Many views seem to have been derived from conversations with “industrious London cabbies”, ironically an industry wiped out by Uber, the kind of US tech firm praised by the authors.
The other worker held in high esteem is the Polish migrant, but sadly their work ethic too has been lost to the UK labour market – thanks to UK state regulation. The possibility that low productivity is linked to low capital investment or poor management is not investigated. Despite the book’s self-declared optimism, it is relentlessly negative about the feckless British.
The authors’ refreshing determination to learn lessons from overseas economies – so long as they are not European – leads Truss and her fellow authors to gloss over authoritarian states, a subject that now animates her.
“As British politicians we feel that it is particularly helpful to learn from the successes of China and other emerging economies. China’s march to prominence has been accompanied by rigorous educational standards and intense spirit of competition.” The most remarkable aspect of the Chinese leadership is not their politics but that so many are engineers. Dubai is praised for its lack of regulations. In the search for prosperity, human rights deserve no mention.
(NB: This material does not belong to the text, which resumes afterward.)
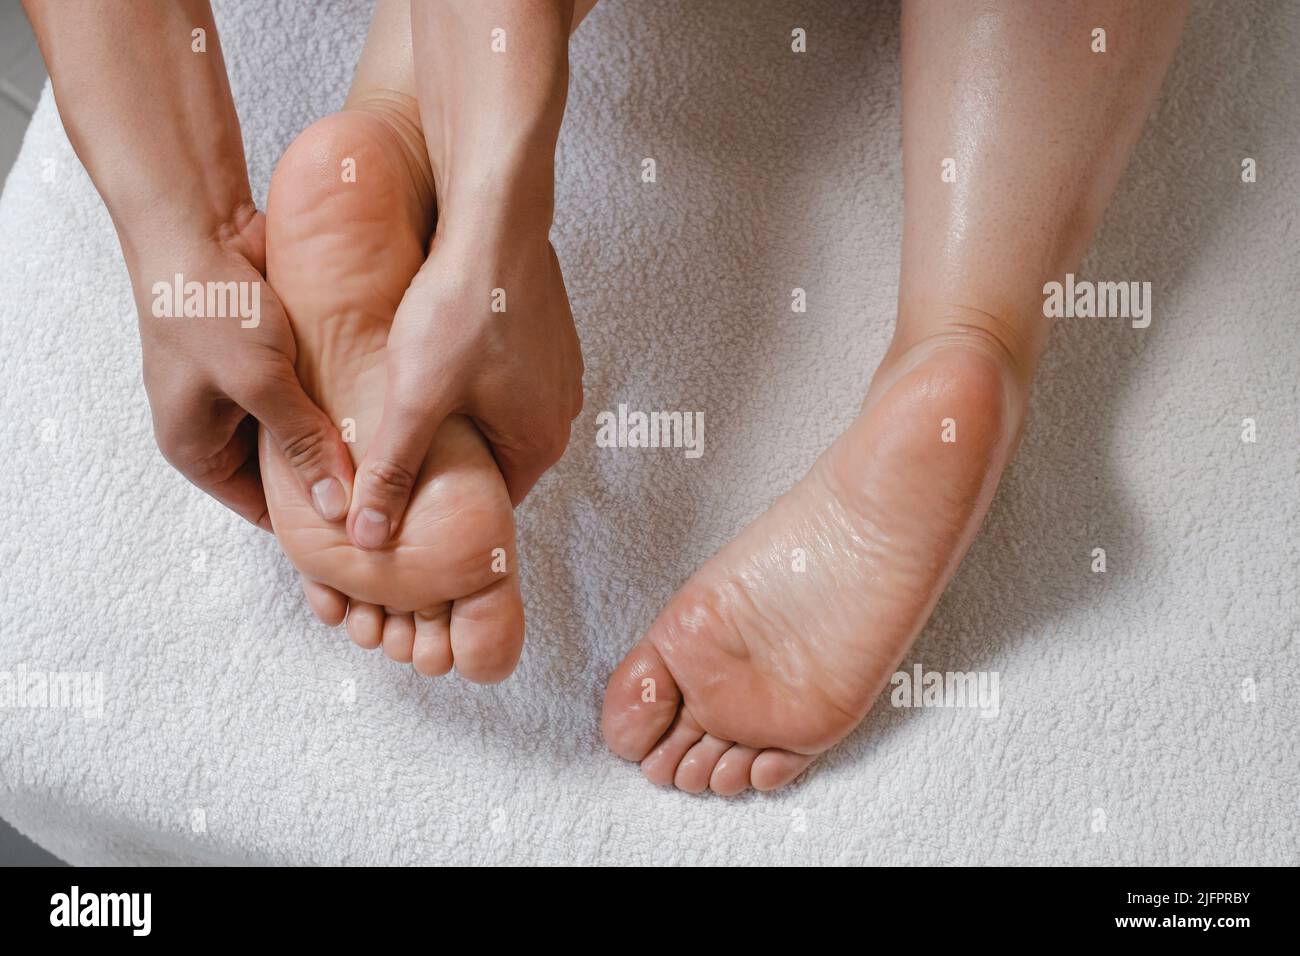 Fußmassage-Behandlung durch professionellen Masseur im Spa-Resort. Wellness, Stressabbau und Verjüngungskonzept. Draufsicht o weißes Handtuch Stockfoto
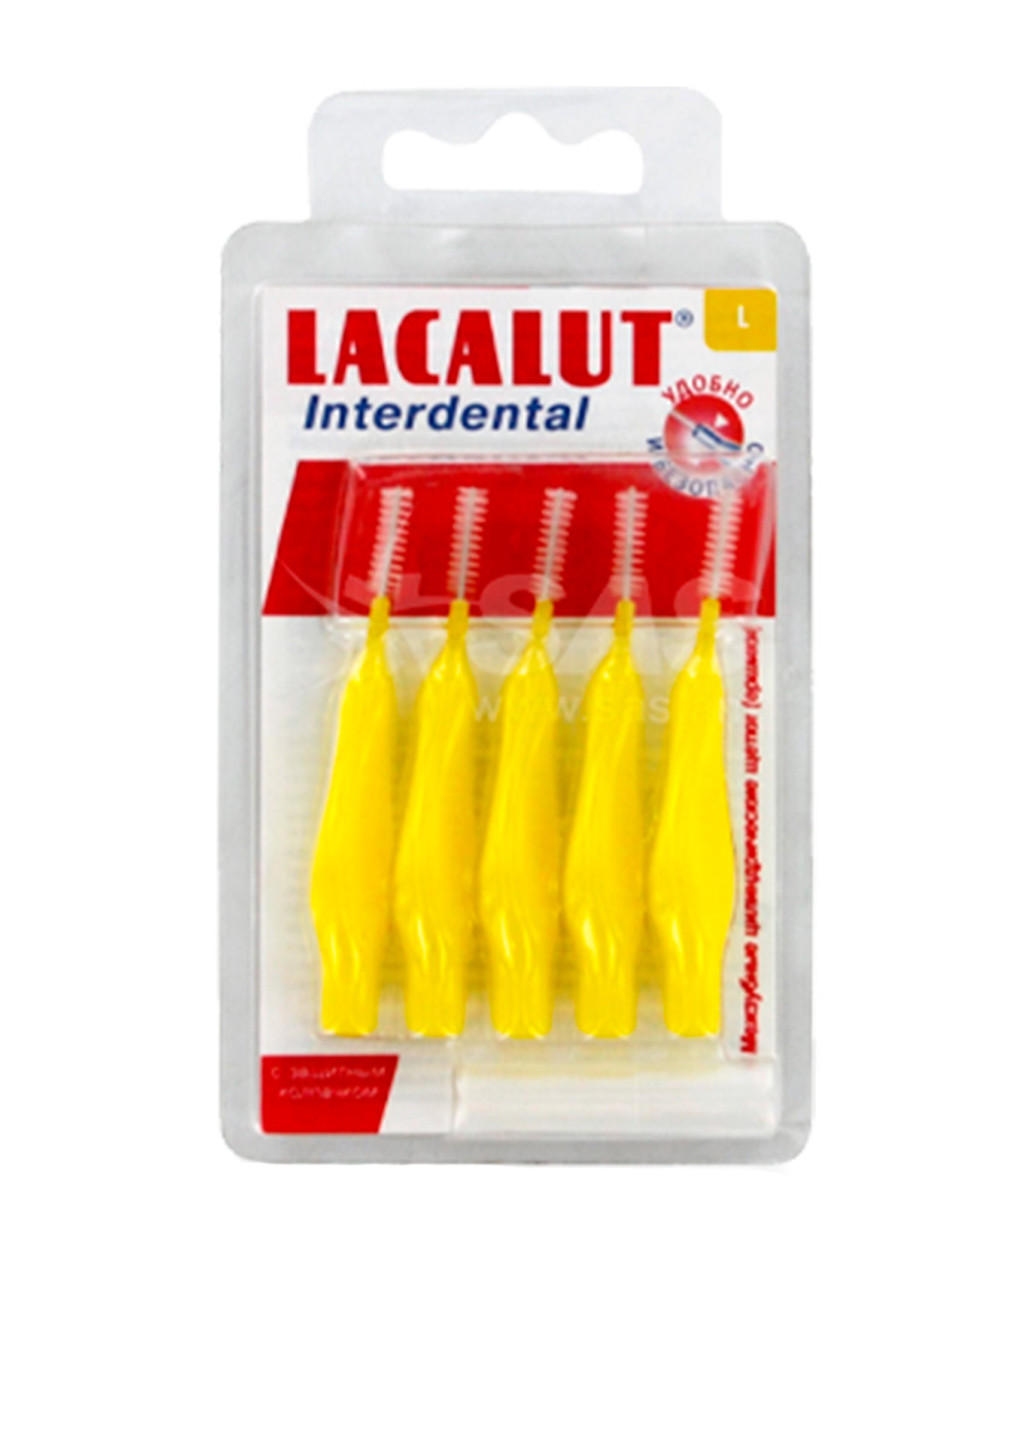 Міжзубні щітки Interdental L, 5 шт. Lacalut (79090978)

A long chapter praising Brazil’s optimism did not foresee the advent of Jair Bolsonaro. Russia gets precisely one mention. Israel’s technological startups are praised as if the state played no role. US technology is lauded and the dominance of tech in children’s lives admonished, without any link being made.
But credos and tracts written a decade ago to catch the eye come with these inherent risks. Most politicians’ ideas are ephemeral and rapidly pass their sell-by date. No harm done. The same cannot be said if a book reveals such an un-nuanced Darwinian attitude, a charge sometimes laid against Truss.
Indeed, it is quite possible that at the next election two competing visions of the state will be the point of contest. Do you want an arm around your shoulder or a kick up the backside? If that proves true, Britannia Unchained may prove more of a shackle and less a source of liberation for the Tory party.